Volkstrauertag 2020 im Park

 
Liebe Gemeinde am Volkstrauertag,
 
Seit dem Zweiten Weltkrieg hat es überall auf der Welt weitergebrodelt - viele Menschen mußten ihr Leben lassen im Kampf, an den Folgen des Kampfs ,
Vergiftungen aller Art,
der Mensch schreckt vor nichts mehr zurück.
Wir beobachten zugleich:
Je länger der zweite Weltkrieg zurückliegt,
umso mehr Details kommen an die Oberfläche.
 
Die Namen aller Firmen können wir in den Zeitungen nachlesen
 
Ich maße mir kein Urteil darüber an, zu behaupten,
woran das liegt, liebe Gemeinde.
Aber ich glaube,
es ist nicht in erster Linie eine Reaktion derer,
die damals alles miterlebt und erlitten haben,
sondern es ist wie ein Signal der Unsicherheit,
das die nachfolgende Generation sendet:
Wie gehen wir mit dieser Last um?
 
Ich habe ganz vorn in der Bibel nachgeschaut.
Zum Nachdenken über diesen Tag ,
über uns und über das, was hinter uns liegt,
kam ich durch das,
was Abraham und seinen Bruder Lot bedrückte.
 
 
Abraham zog mit Frau und Lot mit Frau und Kindern von Ägypten herauf ins Südland Israel.
Die beiden hatten große Herden,
und irgendwann war es soweit,
daß die Herden zu groß waren, und ihnen die Futterplätze nicht mehr ausreichten.
Das Land gab nicht genug dafür her,
um miteinander dort zu leben.
Sie können sich vorstellen, was da los war:
Neid, Zank ums Wasser, ums Gras, ums Futter,
um alles, Streit und Neid unter den Frauen der beiden,
denn Abraham und Sara hatten ja noch keine Kinder.
 
Da sagte Abraham zu Lot:
Laß doch nicht ständig Zank und Zorn unter uns
und unter unseren Hirten und unseren Frauen sein,
denn wir sind doch Brüder.
Ich glaube, es ist besser, wir trennen uns.
 
Frieden stiften durch Trennung?
Wir wissen längst, daß,
wer Streithähne auseinanderreißt,
noch lange keinen Frieden stiftet.
Die Fäuste gehen dann zwar nicht mehr aufeinander los,
aber sie bleiben geballt.
Und: zerstrittenen Brüder werden schnell verfluchte Brüder.
 
Wir wissen auch, daß diese Entscheidung von Abraham nicht nur gut ausging:
Lot hat vieles einstecken müssen, er hat viel verloren: Seine Frau, alles, was er sich aufgebaut hatte:
seine Herden, seine Immobilien, seine Leute.
 
Eine Entscheidung ist und bleibt keine Garantie dafür, daß alles gut weitergeht.

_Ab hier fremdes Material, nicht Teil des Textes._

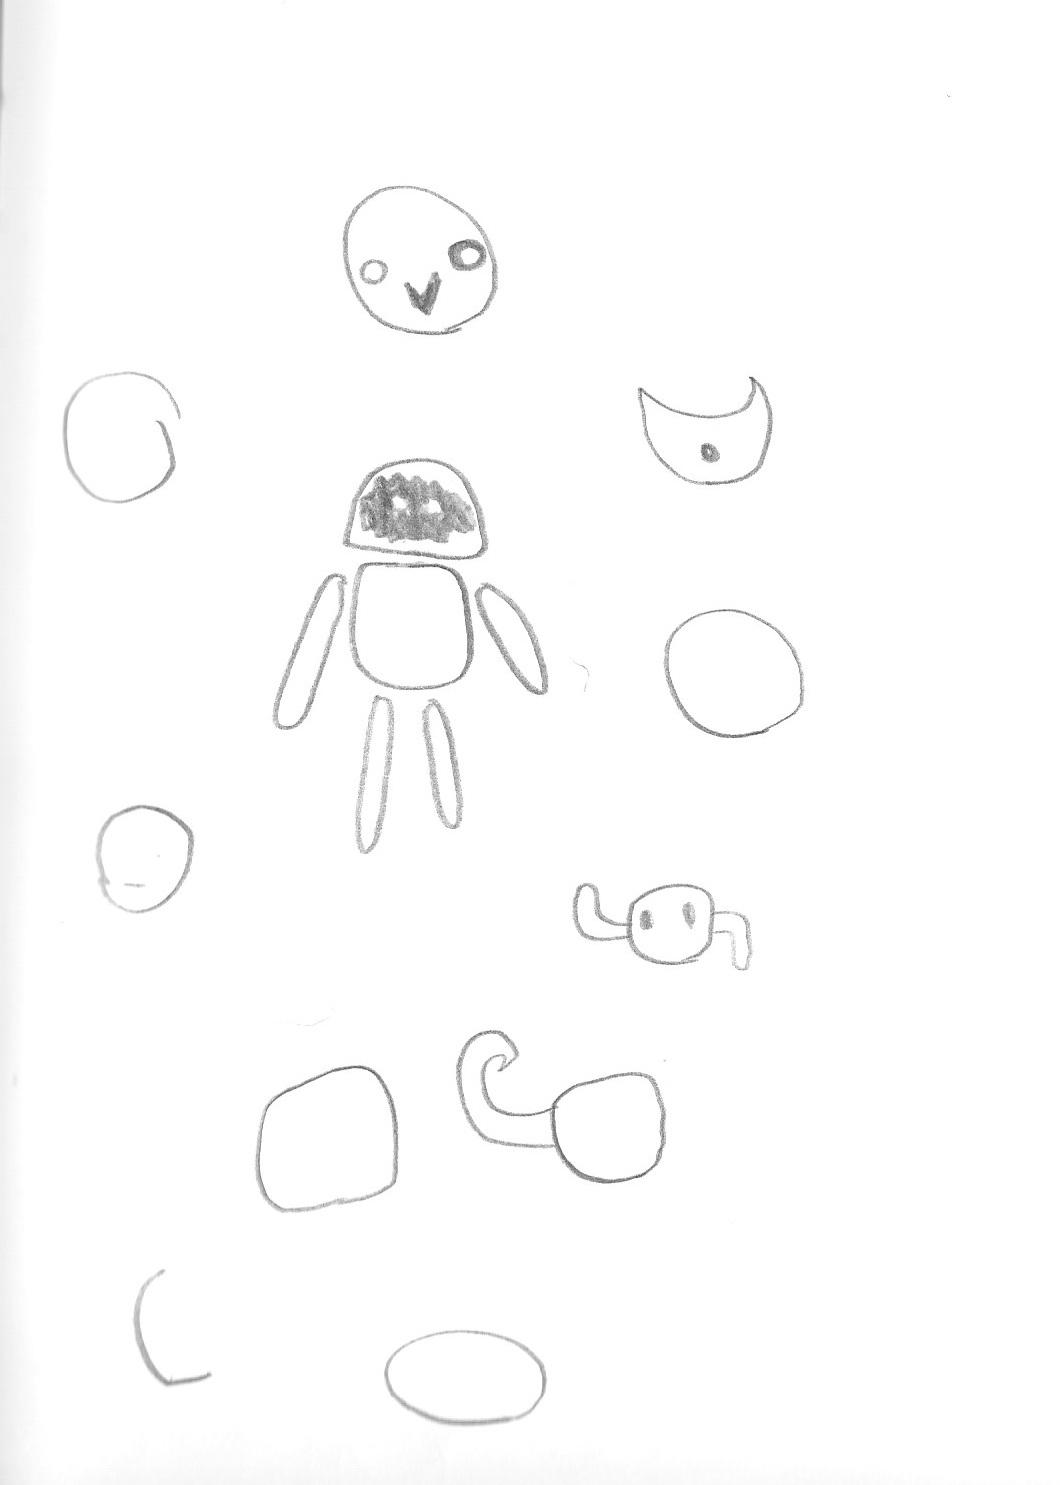 Characters-Various-Characters.png

Aber immerhin: Abraham hat mit seinem Vorschlag damals, in der Sistaution, die nicht mehr auszuhalten war,
allen Beteiligten weitergeholfen, denn er hat mit seinem Vorschlag, sich zu trennen, ein Ventil betätigt:
Das heißt noch lange nicht, daß jede Idee, um einen Konflikt zu lösen , in der Trennung liegt, das wäre Unsinn.
Aber Abraham konnte es verhindern,
daß sich damals, als es unter den Brüdern brannte,
eben keine weiteren Spannungen aufbauten,
die zu einem Krieg oder zu einem noch schlimmeren Ende geführt hätten.
 
Abraham hat aus einem potentiellen Konfliktherd die Luft rausgelassen.
 
Da hatte Abrahem ein gutes Händchen.
 
Das wünsche ich mir für uns: Ein gutes Händchen
-in unseren Regierungen in Stadt und Land,
-in unseren Vereinen und Arbeitsfeldern
-und ganz besonders in der kleinsten aller menschlichen Gemeinschaften:
in unseren Ehen.
Daß wir die Spannungen nie aufstauen,
sondern aufgreifen,
dann bleibt uns bestimmt so manche Trennung und manches Leid erspart.